Kevin Salwen - 4/13/2004 12:00:27 PM
Yikes, here I am, the 18-year veteran of the Wall Street Journal, a guy deeply schooled in the art of skepticism (or skeptimism, as I once malapropped on CNBC), having to play the role of the glass half-full guy to Weinberger's glass half-empty perspective.

But I'm in that position because of a couple of things: First, I truly believe that some people are TRYING to do the right thing. For instance, Howard Schultz built Starbucks on the values that provided health insurance for workers at 20 hours a week vs. the 30 that was standard in the industry. That's one reason their employee turnover is so low in the notoriously churning fast-food industry. A history of progressiveness breeds a bit of goodwill from me.

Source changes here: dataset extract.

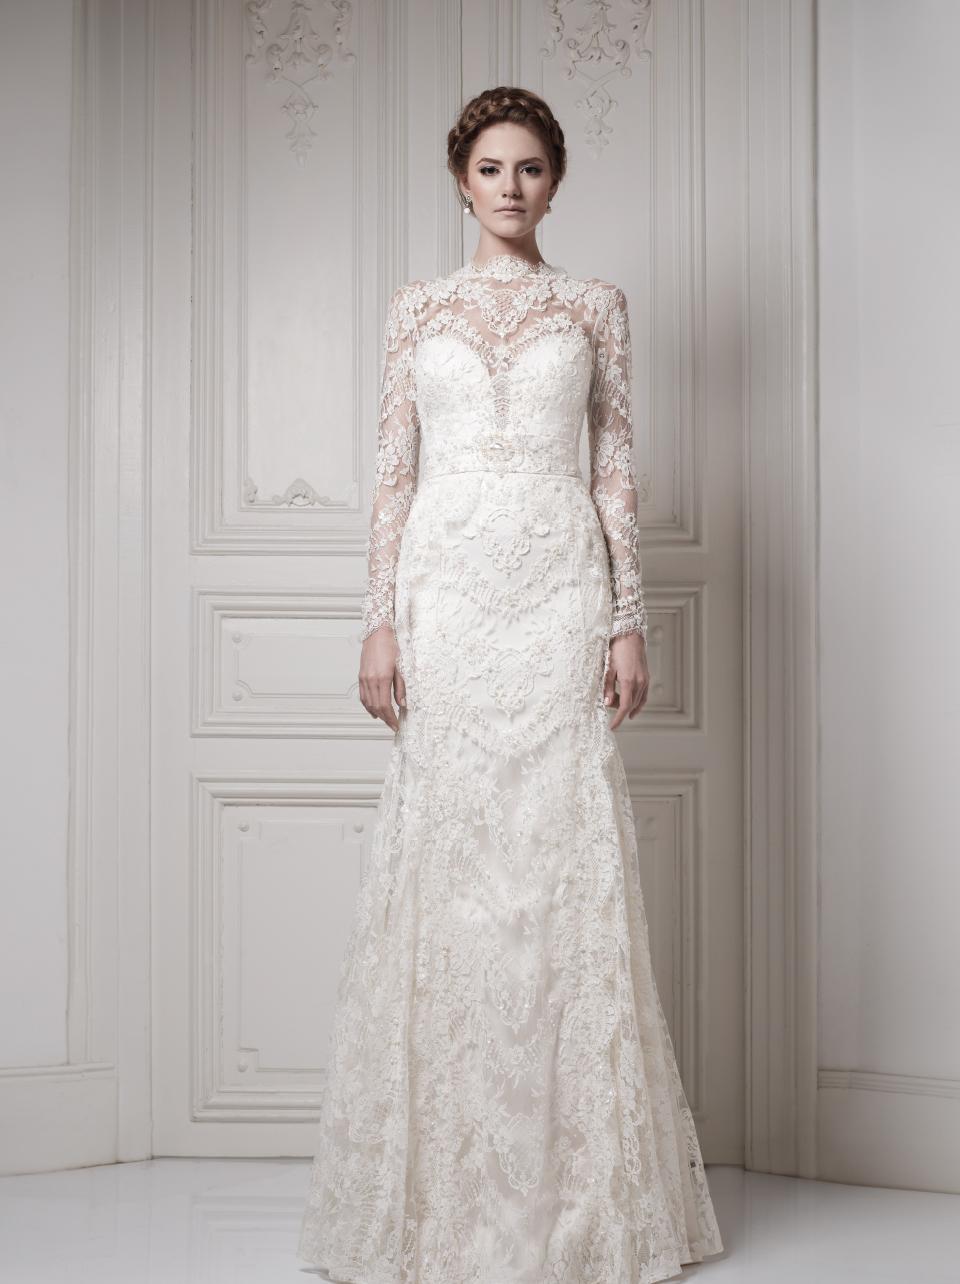 Exquisite Embellishment - Ersa Atelier Inocente Irene
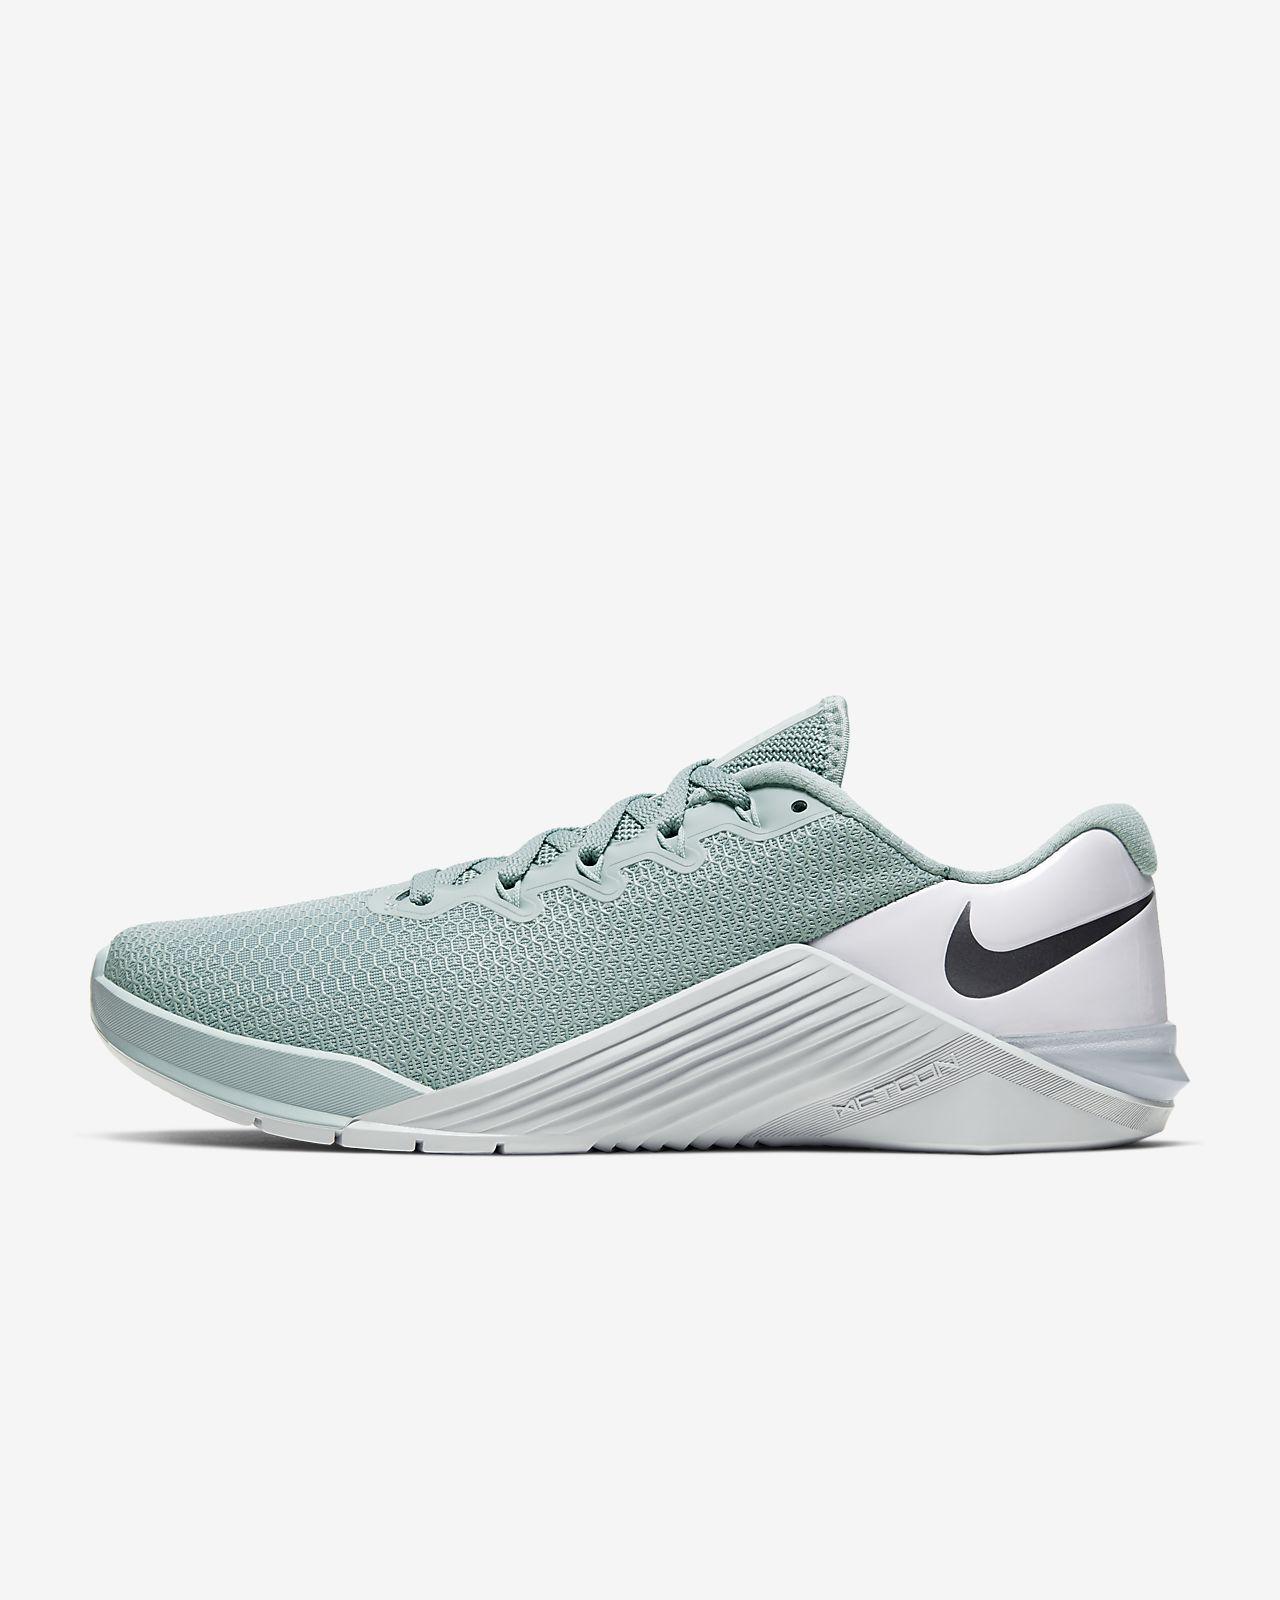 Nike Metcon 5 Damen-Trainingsschuh

Second, I have lived too long with the guilty until proved innocent philosophy. Of course, companies will tout their good deeds, valid or not. So, clearly a scratch below the surface is mandatory. But I look for two things in companies: That, as I said, they're starting from the right place in their collective soul and, beyond that, that they are in a continuous process of self-improvement. In other words, they acknowledge imperfection and work to do better each day.

That's a pretty good place to be. Not perfect, but pretty good and worthy of plaudit.